1 Mestrando no Programa de Pós Graduação em Ciências Veterinárias – UFLA; 2 Pós doutoranda do programa de Pós Graduação em Zootecnia – UFLA; 3 Técnico Administrativo do Departamento de Zootecnia-UFLA; 4 Graduandos em Zootecnia – UFLA; 5 Docente/pesquisador do Departamento de Zootecnia – UFLA.
*Autor correspondente (Corresponding author) – Email:
Resumo: O Brasil é uma das maiores potências mundiais em piscicultura. A produção aquícola nacional cresce cada dia mais, superando outras atividades de importância econômica. A carne do pescado possui altos níveis de proteína de alta digestibilidade, ácidos graxos insaturados, como ômega 6 e ômega 3 e vários minerais e vitaminas, que conferem uma riqueza nutricional ao homem, porém, possui alto potencial de deterioração. Com isso, os benefícios nutricionais do pescado podem ser aproveitados quando fatores de segurança e qualidade forem garantidos. O pescado é um alimento muito perecível e estratégias de armazenamento precisam ser empregadas para aumentar sua vida útil. A segurança alimentar é a garantia de que os alimentos não causarão danos à saúde de quem os consome, e é uma propriedade fundamental da qualidade dos alimentos que pode ser perdida em qualquer estágio da cadeia alimentar se o mesmo for contaminado por microorganismos patogênicos.
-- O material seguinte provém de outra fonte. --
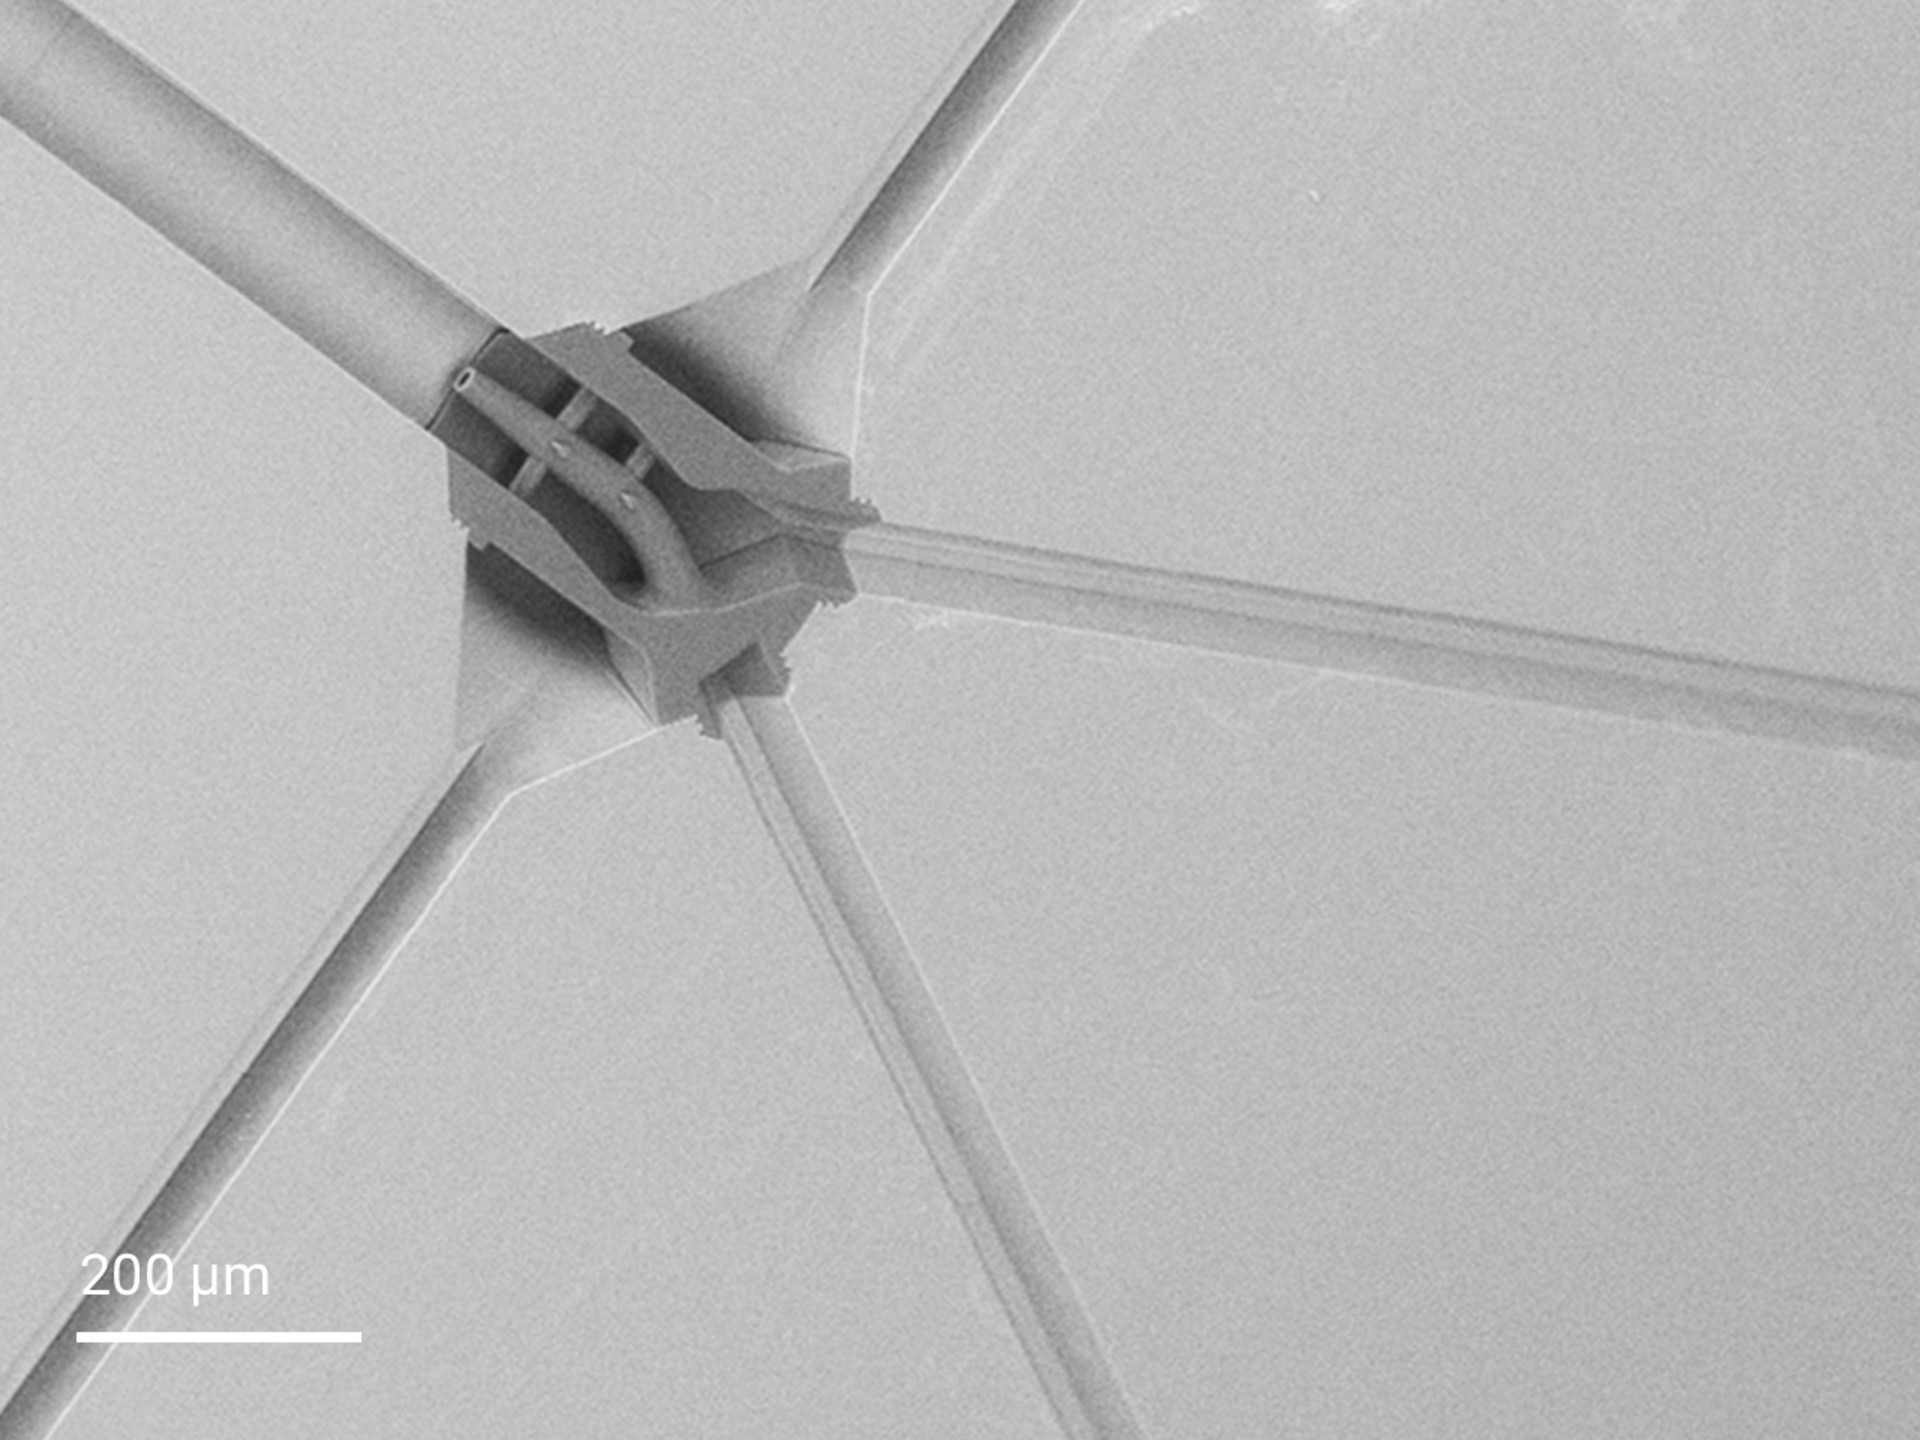 Eingebettete Spinndüse, direkt in ein mikrofluidisches Kanalsystem 3D-gedruckt

Muitas bactérias e parasitas presentes no ambiente podem ser transmitidas aos seres humanos durante a manipulação e consumo de alimentos e provocar doenças de caráter zoonótico. Com isso, o objetivo dessa revisão foi realizar uma pesquisa em bancos de dados do Scopus, Web of Science, Google Scholar e Science Direct, sobre a qualidade e segurança do pescado, as doenças transmitidas pelo seu consumo e os riscos oferecidos à saúde humana, além de explanar os benefícios do consumo de peixes e derivados. Por fim, a inspeção sanitária adequada, a educação da população e pesquisas que atuam no desenvolvimento de métodos de análises e tratamentos, são importantes para que o pescado ofereça segurança à população consumidora.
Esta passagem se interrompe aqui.